After completing one epoch (i.e., accessing all $\texttt{N}$ samples in the dataset), the dataset generates new data instead of reusing the same transmit samples, which can be disabled by setting continuous_sampling=False. The number of taps $n\text{taps}$ and the noise power $\sigma\text{n}^2$ are set by via set_n_taps and set_noise_power_db.

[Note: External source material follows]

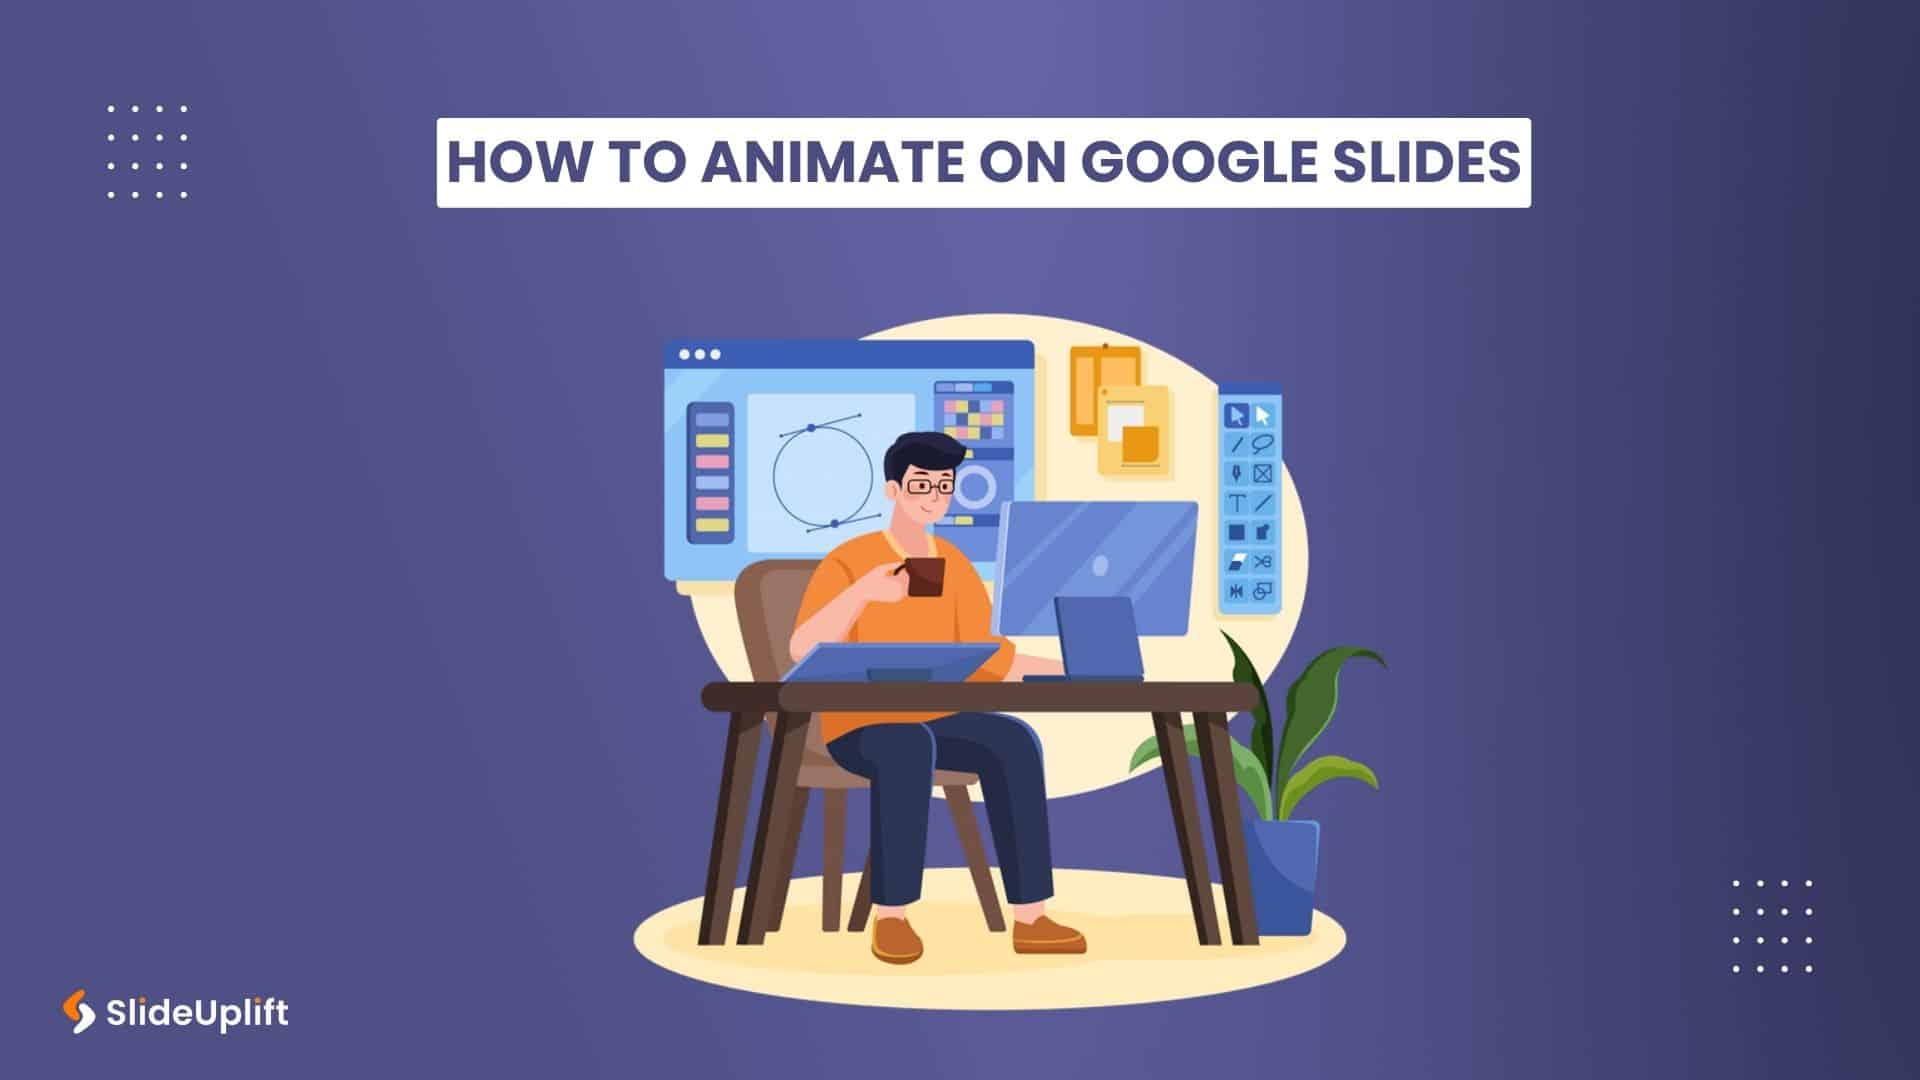 How To Animate On Google Slides?

An IMDDModel in the dataset generates indices $q[k]$ of transmit symbols $\boldsymbol{x}$ in $\mathcal{X}$ and outputs the received chunks $\boldsymbol{y}^\text{c}[k]$, from which the pairs of bits $\hat{b}1[k]\hat{b}2[k]$ are estimated. The dataset returns a chunk tensor at index k of shape (n_taps,), representing the chunked received data together with the index $q[k]$ of shape (1,). Hence, the tensor holds all symbols required to process $y[k]$ at position n_taps//2. This allows shuffling and batching along the first dimension using a PyTorch Dataloader, resulting in y_chunk of shape (batch_size, n_taps) and q of shape (batch_size,). Each transmit symbol is labeled with its assigned bits, generated using the provided get_graylabels function, and accessed at the corresponding index q. By default, the dataset does not directly return bit-level labels to maintain flexibility. This design supports symbol-level receivers, allowing models to output class index $\hat{q}$ corresponding to the predicted symbol $\hat{x} \in \mathcal{X}$, which can be used together with $q$ in a cross-entropy loss function. For tasks requiring bit-level outputs, setting bit_level=True in the dataset configuration changes the format of $\boldsymbol{q}$ to (N, 2), where each entry contains binary values corresponding to the respective bits. To compute the BER based on either predicted symbols or bits, we provide a helper function bit_error_rate.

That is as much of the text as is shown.